Categories
Essays

How Did the Mountains Get There? Where Did the Mountain Go?

There are two songs in my music library that are well-known but always lead to questions when I play them. Not coincidently, both songs reference mountains. A mountain, both timeless and unmoving, should not suddenly appear or disappear. And yet, in both songs mountains do something actively, throwing the listener out of kilter.

The first song is “Roundabout” by Yes. With the lyric, “In and around the lake/mountains come out of the sky/and they stand there.” The second is Donovan’s “There Is a Mountain,” with the stanza “First there is a mountain/then there is no mountain/then there is.” Both songs play with the permanence of mountains. But if we were to take them literally, they actually make sense.

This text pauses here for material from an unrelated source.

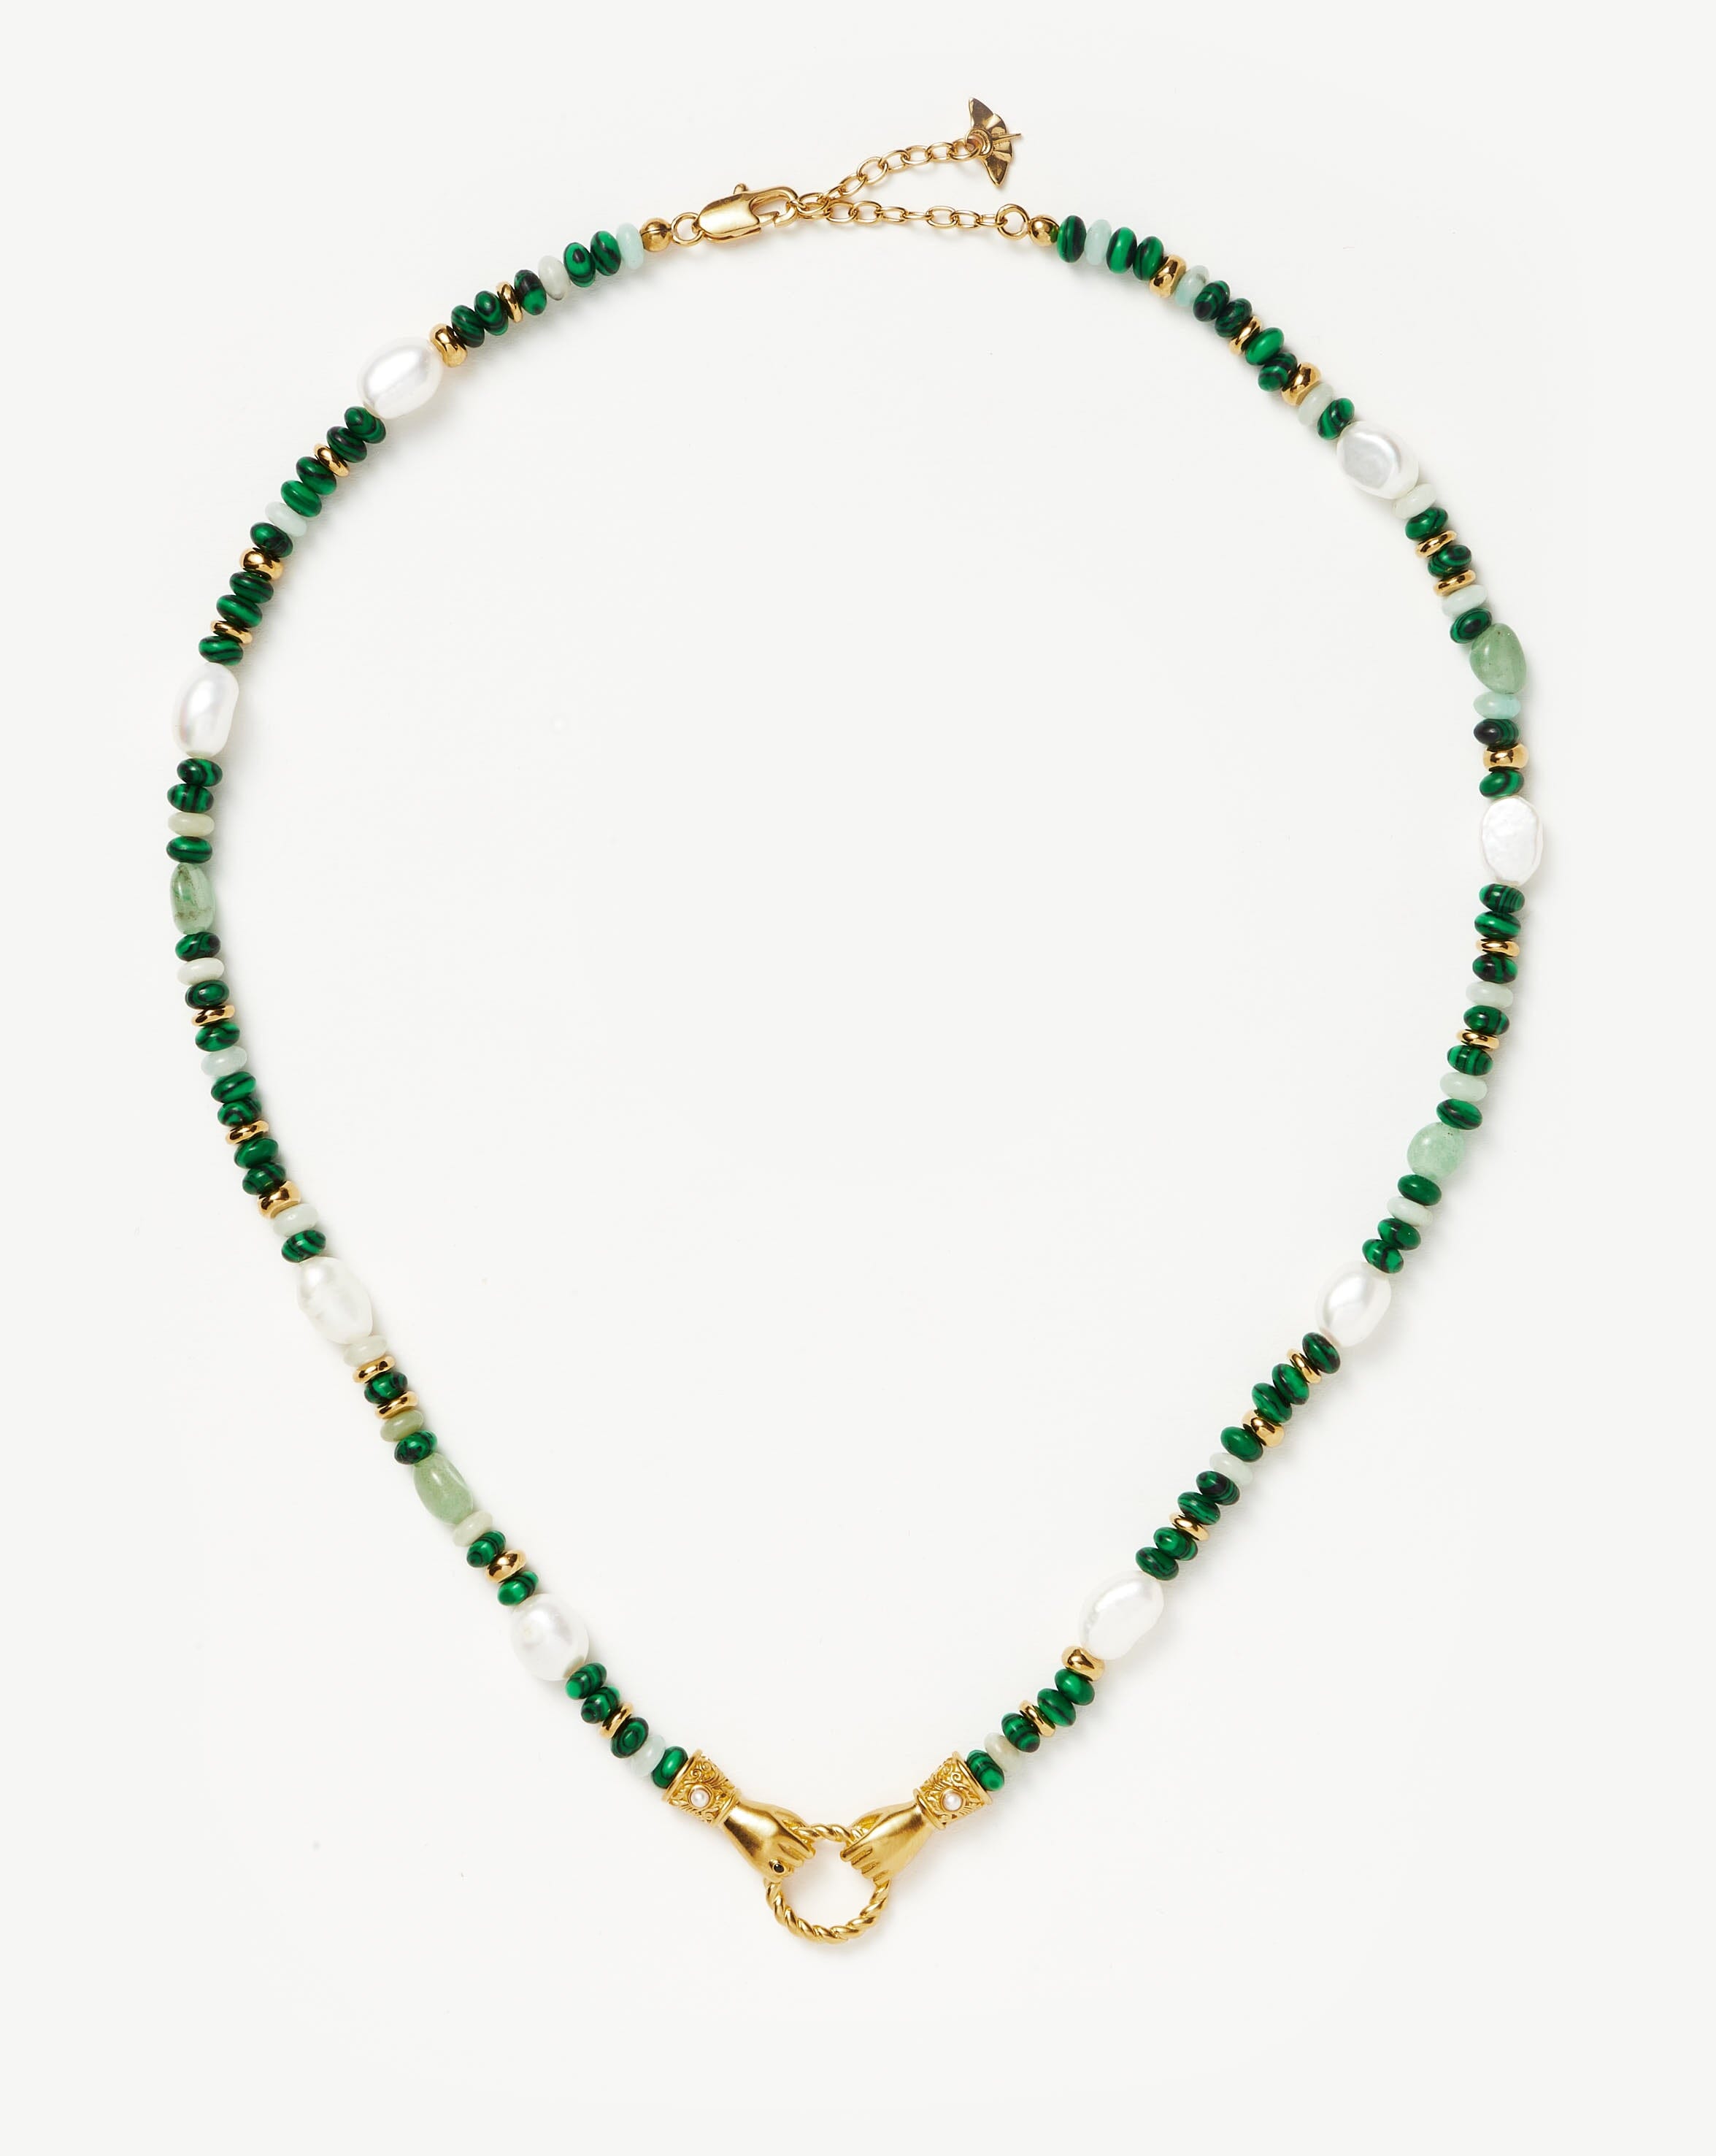 Missoma Harris Reed in Good Hands Beaded Gemstone Necklace | 18ct Gold Plated/Multi Green Gemstone & Pearl

In “Roundabout,” one can imagine a lake covered in mist, obscuring long-distance vision. As the mist clears, distant mountains seem to come out of the sky. Obviously, then, the mountains do nothing but stand there. It’s what mountains do best. It’s an evocative line, but one of the most straight forward from Yes, a [prog rock][prog] band with some of the most obscure lyrics in a radio-friendly format. In fact, the whole of “Roundabout” can be seen as a journey, but the time and distance of the journey aren’t quite able to be gleaned, with lyrics, “One mile over we’ll be there and we’ll see you/Ten true summers we’ll be there and laughing too/Twenty four before my love you’ll see/I’ll be there with you.”

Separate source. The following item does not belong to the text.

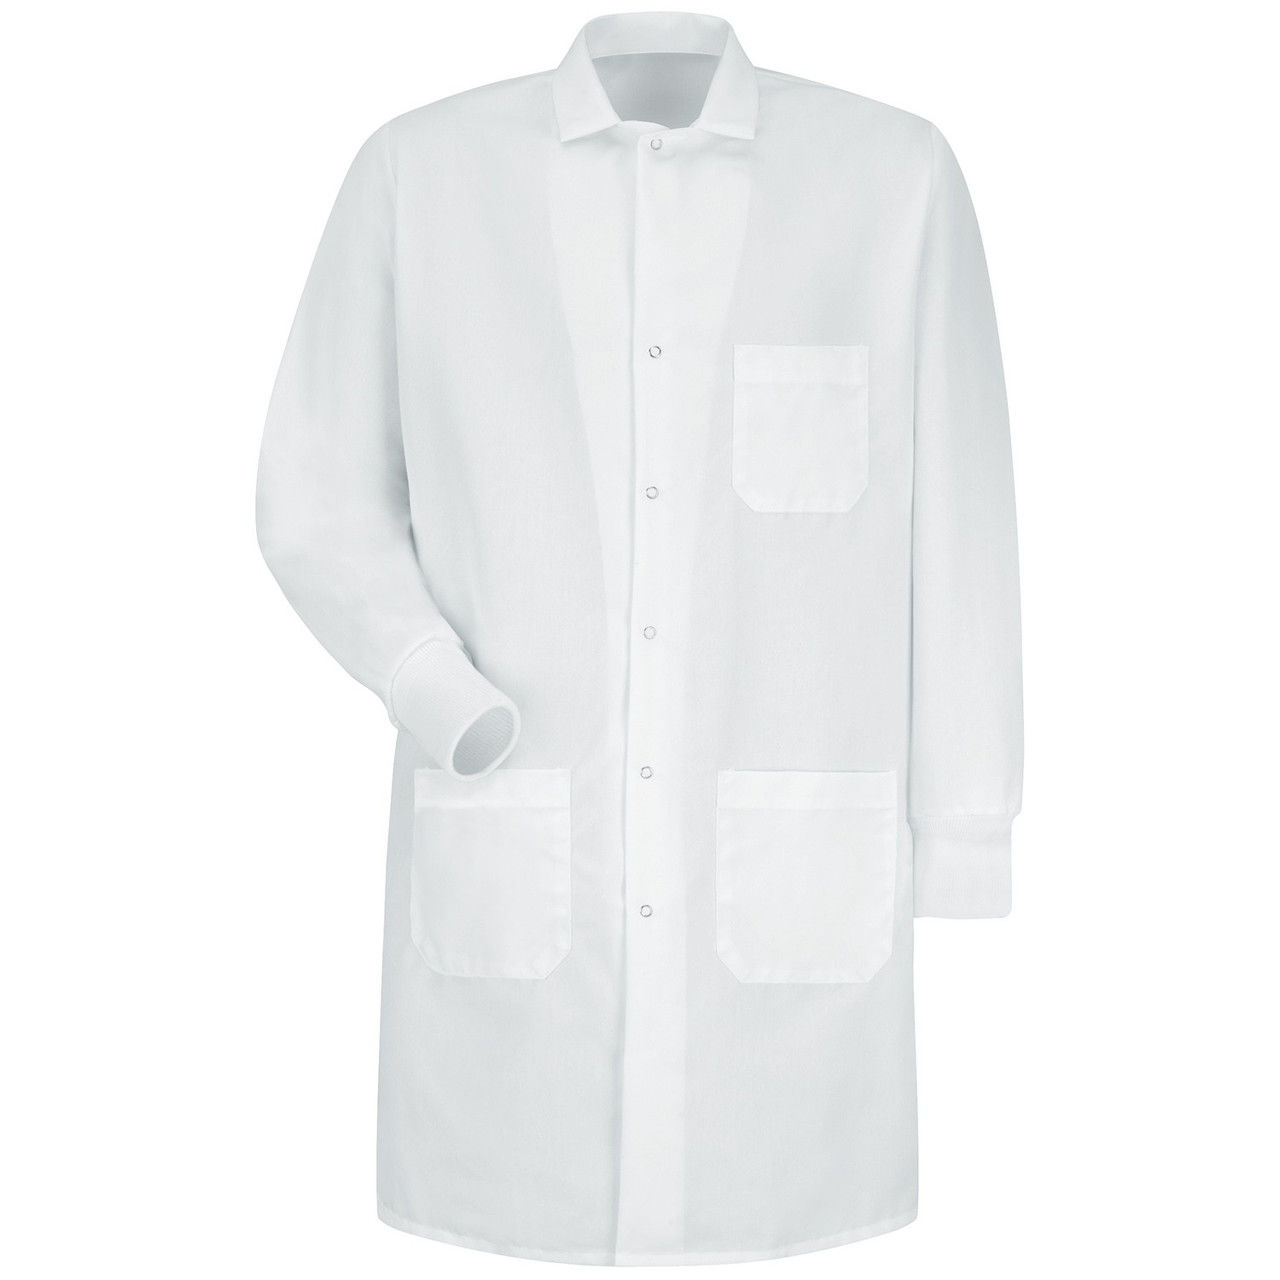 Red Kap KP70WH Unisex Specialized Cuffed Lab Coat Questions & Answers

One mile probably wouldn’t take anyone ten years to travel, nor does ten years take place within 24 hours. Still, we can be sure that the song is about a journey, no matter the distortion of time and space. Contrast to other mentions of mountains in Yes’s songbook (they sing a lot about mountains), like “Siberian Khatru,” where they sing, “Sing, bird of prey/Beauty begins at the foot of you/Do you believe the manner?/Gold stainless nail,/Torn through the distance of man/As they regard the summit.” Here we have an eagle, let’s say, with golden talons, somewhere in the sky while people are looking at a mountain’s peak? What “manner” does the eagle maybe believe? Most Yes lyrics tend towards the inscrutable. But with “Roundabout” the mountains are clearly doing what mountains do, standing there. They may be a metaphor for something else, but they needn’t be. The literal is enough, despite hiding in a mind-twisting lyric.

Donovan’s “There Is a Mountain,” is further twisting, wrapped in a koan, “First there is a mountain/then there is no mountain/then there is.” Can we take this literally? Actually, yes. There is no mention of time, and one can posit that the mountain is visible in the day, then at night the mountain disappears, only to be seen again tomorrow. Again, this plays with the permanence of mountains and our perception. If we do not see the mountain, is it there? I won’t even touch on the philosophy behind object permanence, but I will say that the mountain does nothing when it is not seen. It does not affect Donovan when he cannot see it, so the mountain might as well be not there.

This is Donovan’s mild, [folksy psychedelia][folk]. How can a mountain not be there after it was just there and then suddenly reappear? It’s possible Donovan just blinked. There. Gone. There again. More crucial than the disappearing mountain is Donovan’s relation to it. It may cause the listener to wonder what drugs Donovan was taking when he wrote it, but it’s not out of the realm of reality.

The song does present an imponderable, though. Suddenly, Donovan calls out for a Juanita. It’s never made clear why. He sings about the mountain, a snail, and a caterpillar turning into a butterfly, which are all observable and likely. But, then, he seems to have lost Juanita and felt it necessary to tell us in the middle of the song. I do hope she’s okay.

In any case, it is pleasing that these particular lines in these two songs, from over 45 years ago, still catch listeners off guard. What now amounts to background, “oldies” music still births an ear worm that bores into the rational part of the brain and causes one to question just what happened to those mountains.